在 2023/07/20 9:36, Yu Kuai 写道:
Hi,

在 2023/07/19 15:09, Xueshi Hu 写道:
When an IO error happens, reschedule_retry() will increase
r1conf::nr_queued, which makes freeze_array() unblocked. However, before
all r1bio in the memory pool are released, the memory pool should not be
modified. Introduce freeze_array_totally() to solve the problem. Compared
to freeze_array(), it's more strict because any in-flight io needs to
complete including queued io.

Signed-off-by: Xueshi Hu <xueshi.hu@xxxxxxxxxx>
---
   drivers/md/raid1.c | 35 +++++++++++++++++++++++++++++++++--
   1 file changed, 33 insertions(+), 2 deletions(-)

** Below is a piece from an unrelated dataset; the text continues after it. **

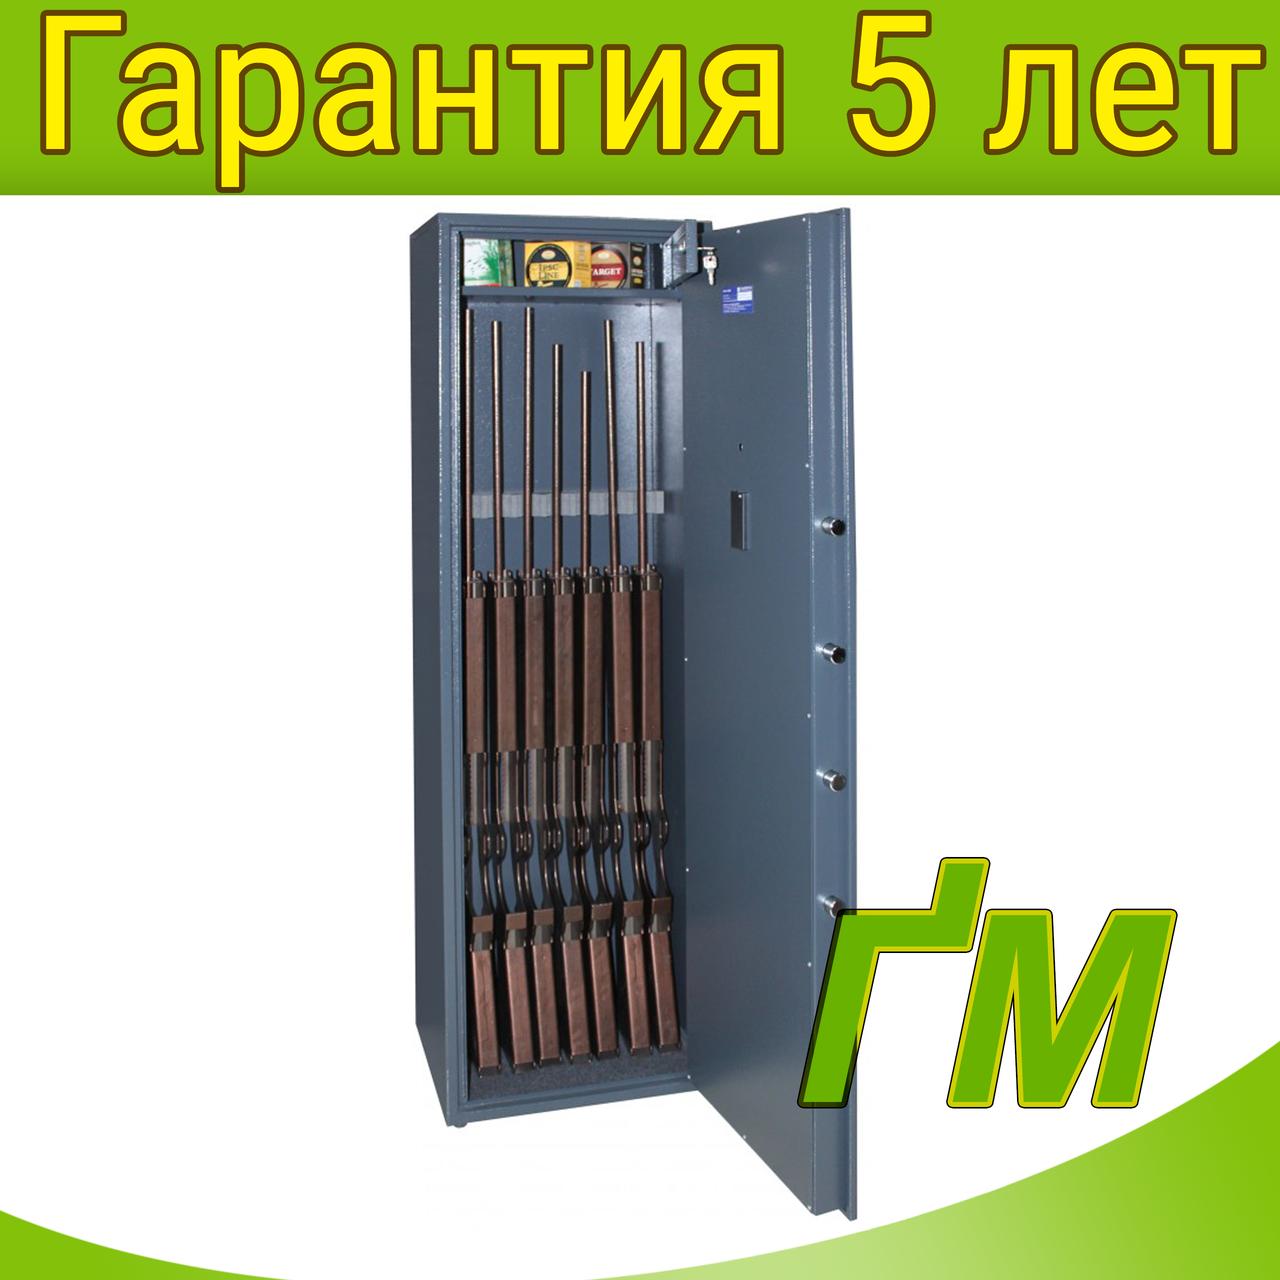 Сейф для хранения оружия GLT.470/35.E (1512х470х350мм)

diff --git a/drivers/md/raid1.c b/drivers/md/raid1.c
index dd25832eb045..5605c9680818 100644
--- a/drivers/md/raid1.c
+++ b/drivers/md/raid1.c
@@ -1072,7 +1072,7 @@ static void freeze_array(struct r1conf *conf,
int extra)
       /* Stop sync I/O and normal I/O and wait for everything to
        * go quiet.
        * This is called in two situations:
-     * 1) management command handlers (reshape, remove disk, quiesce).
+     * 1) management command handlers (remove disk, quiesce).
        * 2) one normal I/O request failed.
        * After array_frozen is set to 1, new sync IO will be blocked at
@@ -1111,6 +1111,37 @@ static void unfreeze_array(struct r1conf *conf)
       wake_up(&conf->wait_barrier);
   }
+/* conf->resync_lock should be held */
+static int get_pending(struct r1conf *conf)
+{
+    int idx, ret;
+
+    ret = atomic_read(&conf->nr_sync_pending);
+    for (idx = 0; idx < BARRIER_BUCKETS_NR; idx++)
+        ret += atomic_read(&conf->nr_pending[idx]);
+
+    return ret;
+}
+
+static void freeze_array_totally(struct r1conf *conf)
+{
+    /*
+     * freeze_array_totally() is almost the same with
freeze_array() except
+     * it requires there's no queued io. Raid1's reshape will
destroy the
+     * old mempool and change r1conf::raid_disks, which are
necessary when
+     * freeing the queued io.
+     */
+    spin_lock_irq(&conf->resync_lock);
+    conf->array_frozen = 1;
+    raid1_log(conf->mddev, "freeze totally");
+    wait_event_lock_irq_cmd(
+            conf->wait_barrier,
+            get_pending(conf) == 0,
+            conf->resync_lock,
+            md_wakeup_thread(conf->mddev->thread));
+    spin_unlock_irq(&conf->resync_lock);
+}
+
   static void alloc_behind_master_bio(struct r1bio *r1_bio,
                          struct bio *bio)
   {
@@ -3296,7 +3327,7 @@ static int raid1_reshape(struct mddev *mddev)
           return -ENOMEM;
       }
-    freeze_array(conf, 0);
+    freeze_array_totally(conf);

I think this is wrong, raid1_reshape() can't be called with
Sorry about thi typo, I mean raid1_reshape() can be called with ...
You're right, this is indeed a deadlock.

I am wondering whether this approach is viable

	if (unlikely(atomic_read(conf->nr_queued))) {
		kfree(newpoolinfo);
		mempool_exit(&newpool);
		unfreeze_array(conf);

		set_bit(MD_RECOVERY_RECOVER, &mddev->recovery);
		set_bit(MD_RECOVERY_NEEDED, &mddev->recovery);
		md_wakeup_thread(mddev->thread);
		return -EBUSY;
	}

This is not okay, 'nr_queued' can be incresed at any time when normal io
failed, read it once doesn't mean anything, and you need to
freeze_array() before reading it:

freeze_array
// guarantee new io won't be dispatched
if (atomic_read(conf->nr_queued))
 ...
 unfreeze_array
 return -EBUSY;

Fortunately, I'm working on another patchset to synchronize io with
array configuration, which means all the callers of raid1_reshape() will
suspend the array, and no normal io will be in progress, hence this
problem won't exist as well.

Thanks,
Kuai


Thanks,
Hu


Thanks,
Kuai
'reconfig_mutex' grabbed, and this will deadlock because failed io need
this lock to be handled by daemon thread.(see details in [1]).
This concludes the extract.